### SUPPLIED INFORMATION
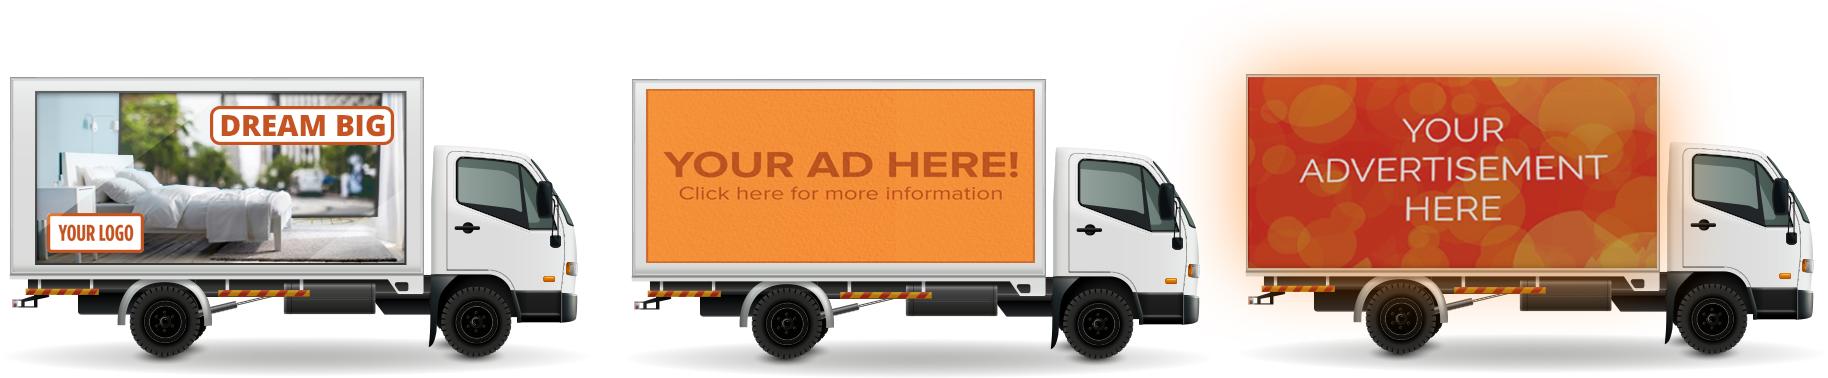 Mobile Billboard Rental Truck | Mobile Outdoor Billboard Advertising Truck Companies | ILUMADS
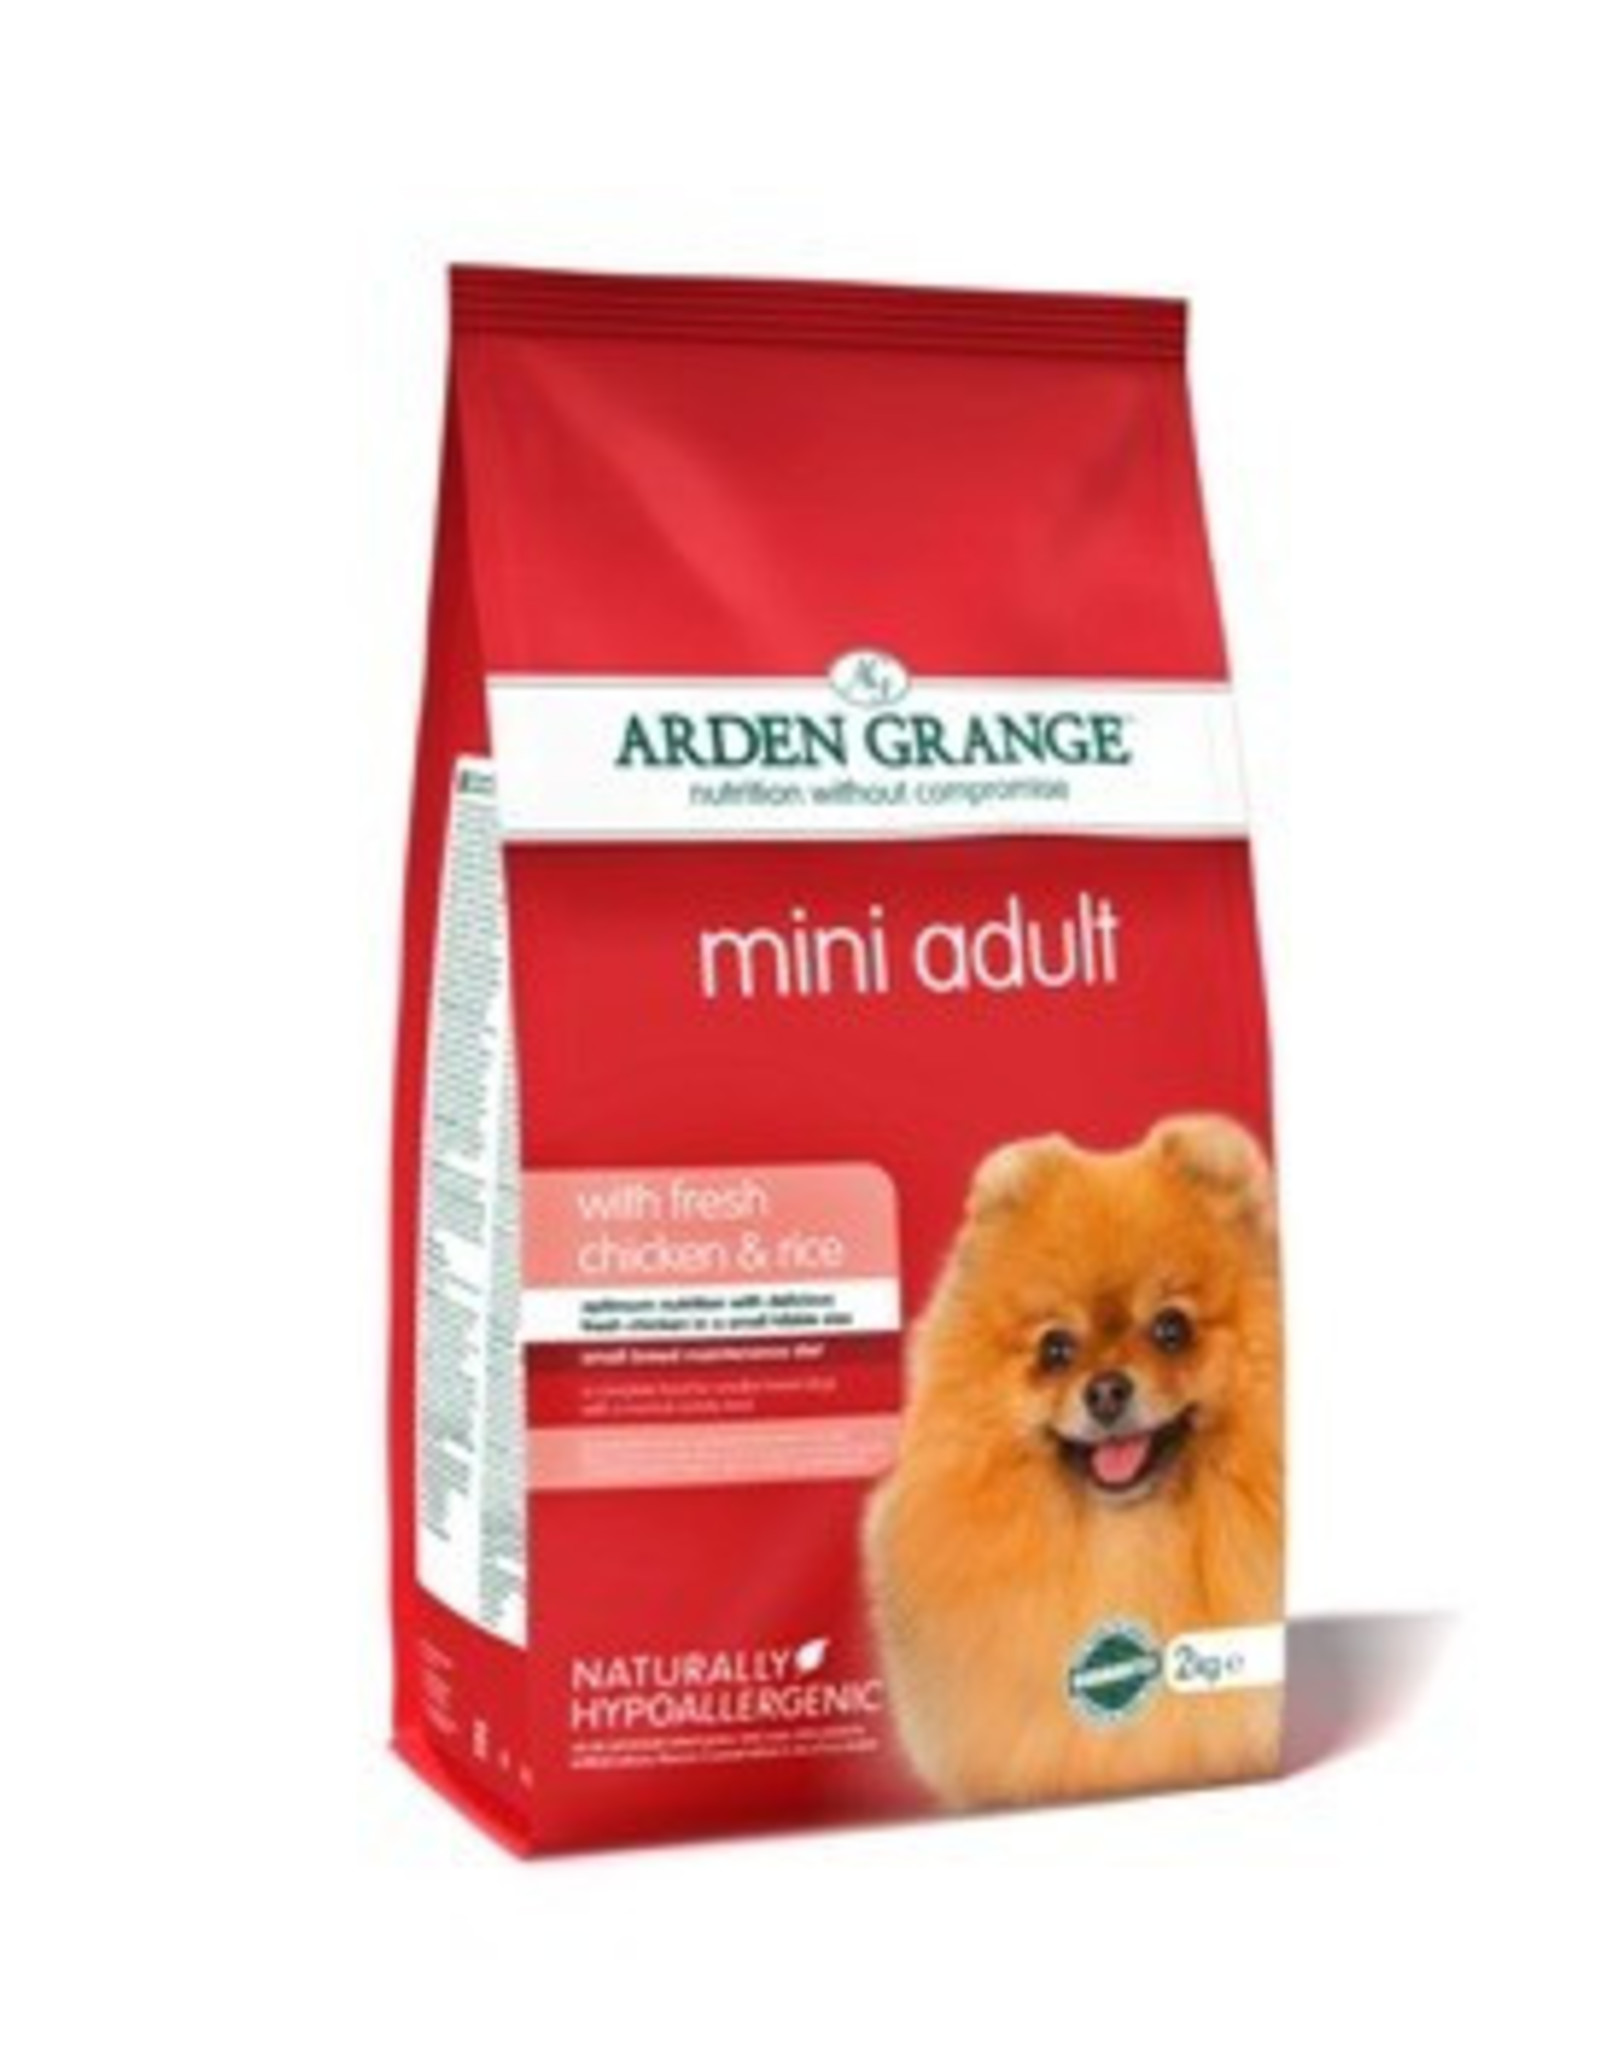 Arden Grange Adult Mini Dog Dry Food, Chicken & Rice
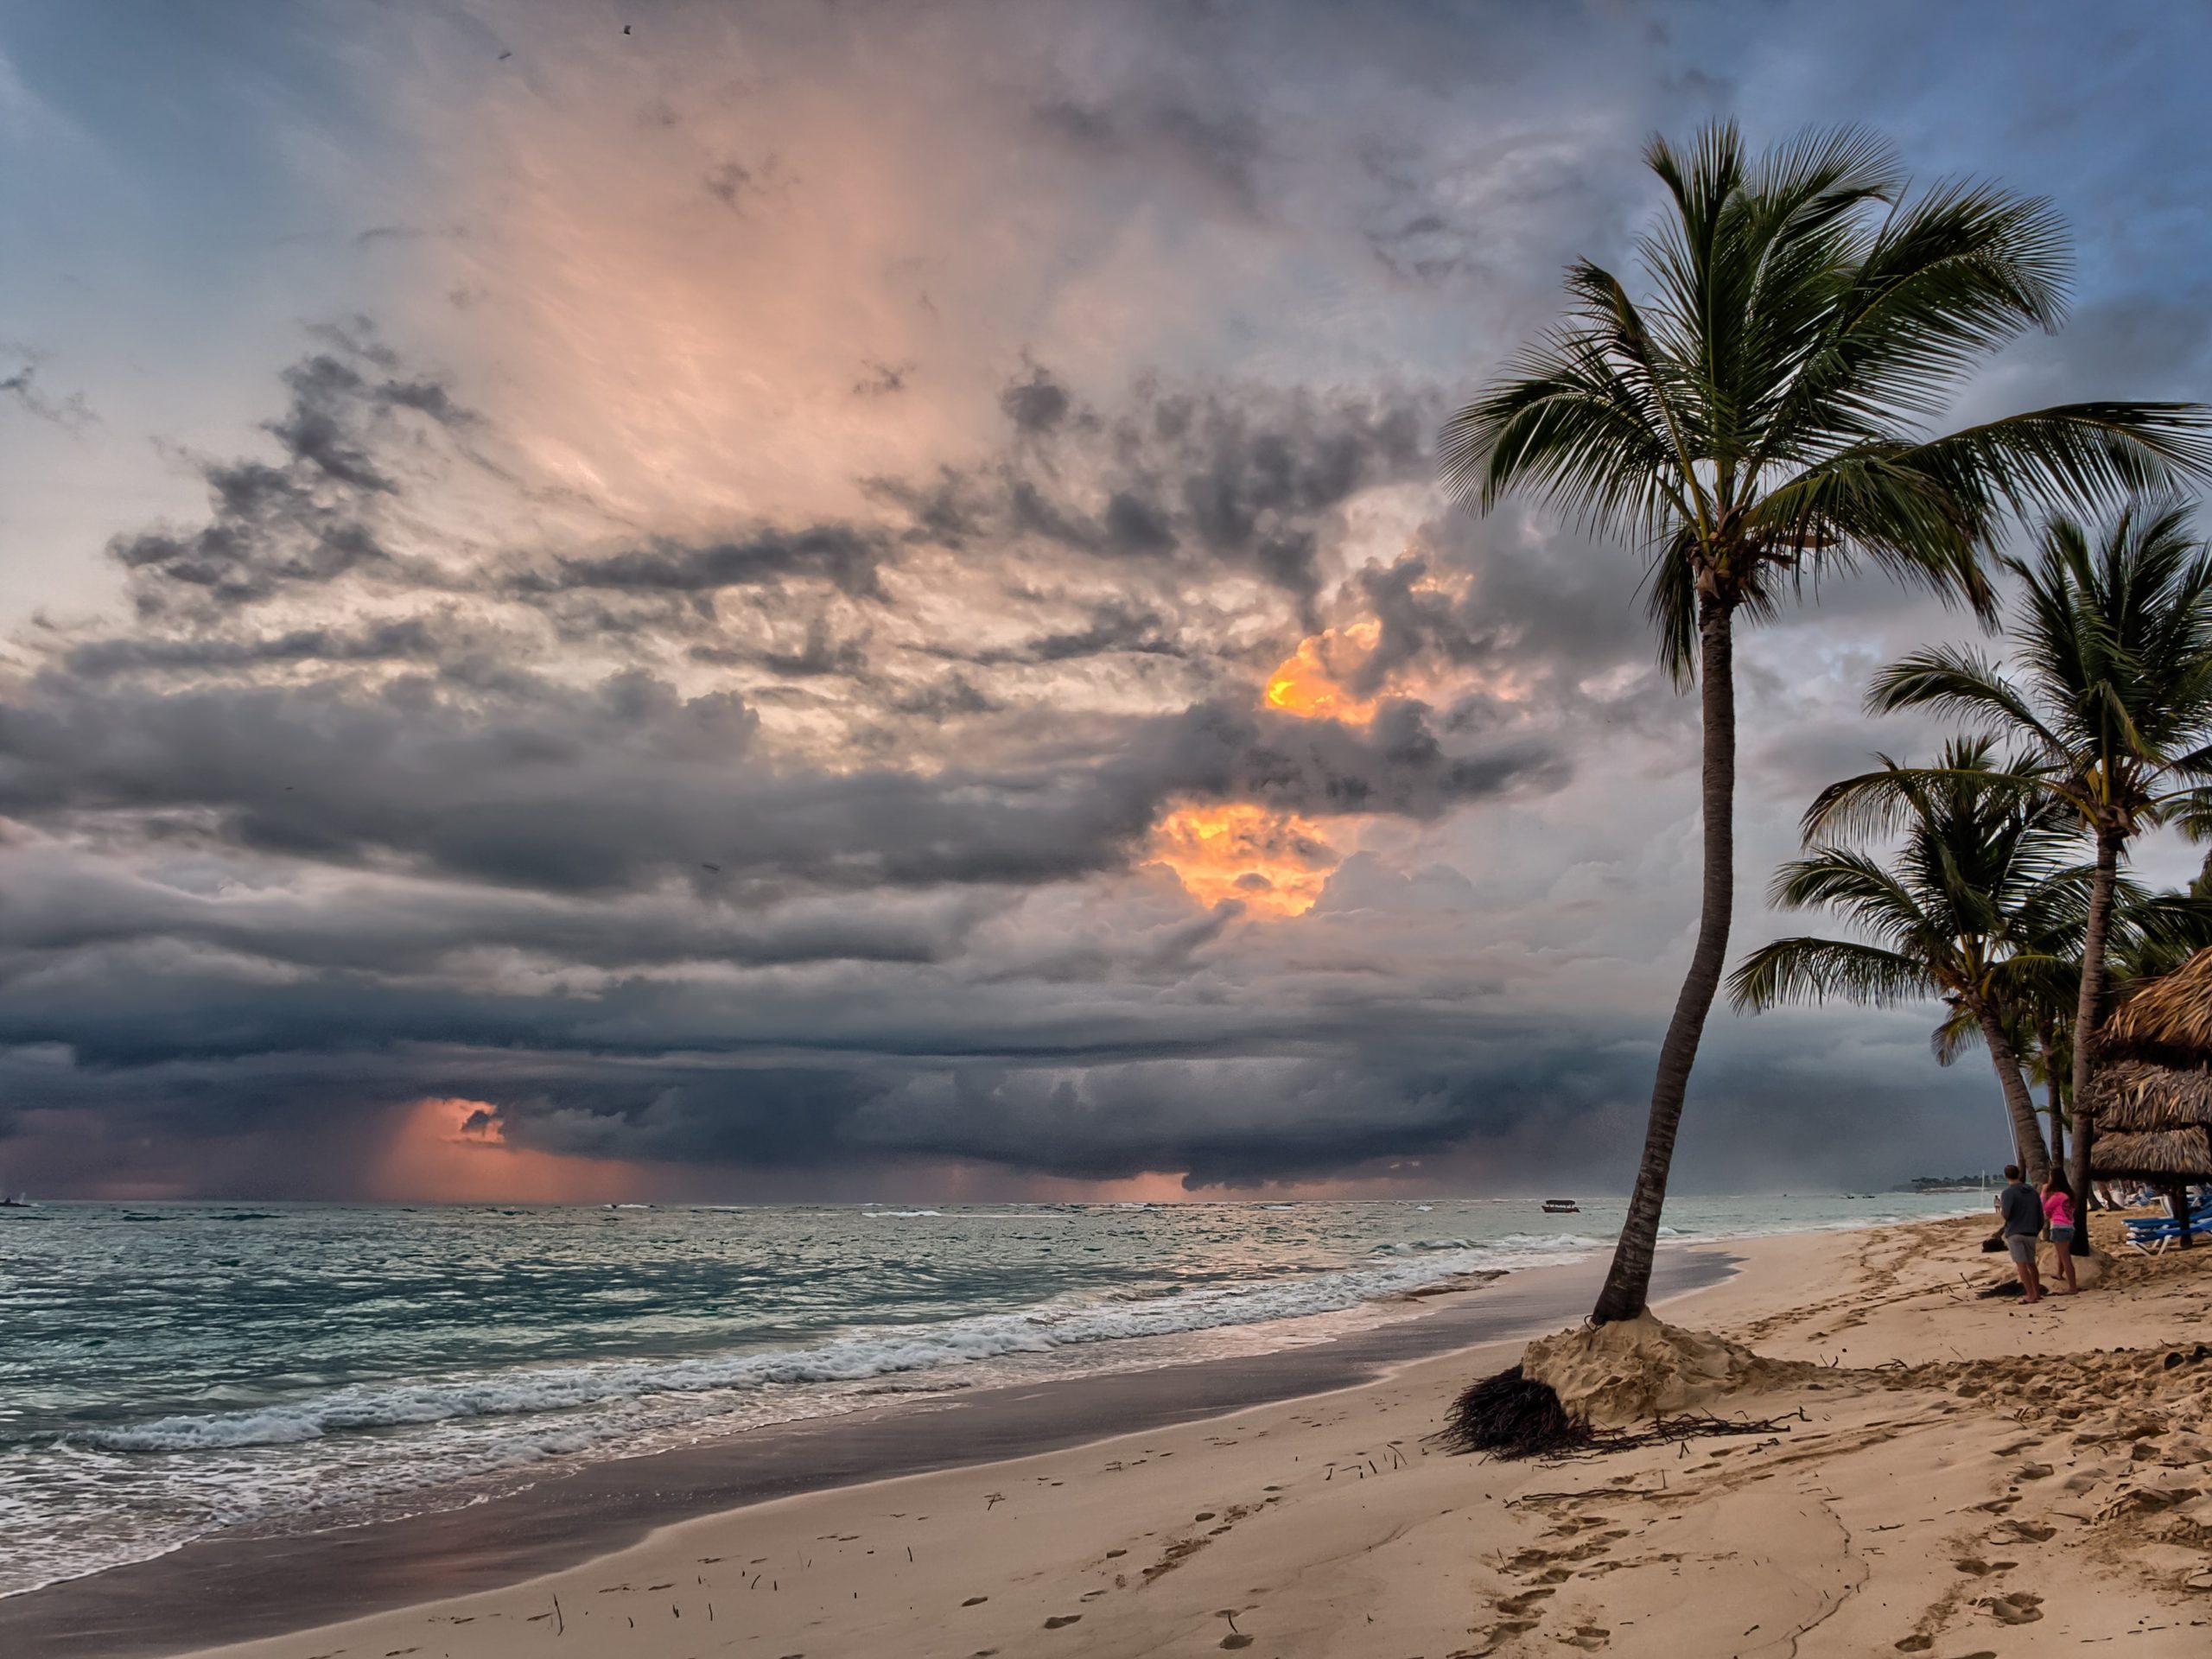 Hurricanes and Hurricane Season, In A Nutshell

### TASK GOAL
Output the full material above exactly, leaving every picture out.

### ANSWER TO THIS PROBLEM
 Mobile Billboard Rental Truck | Mobile Outdoor Billboard Advertising Truck Companies | ILUMADS
 Arden Grange Adult Mini Dog Dry Food, Chicken & Rice
 Hurricanes and Hurricane Season, In A Nutshell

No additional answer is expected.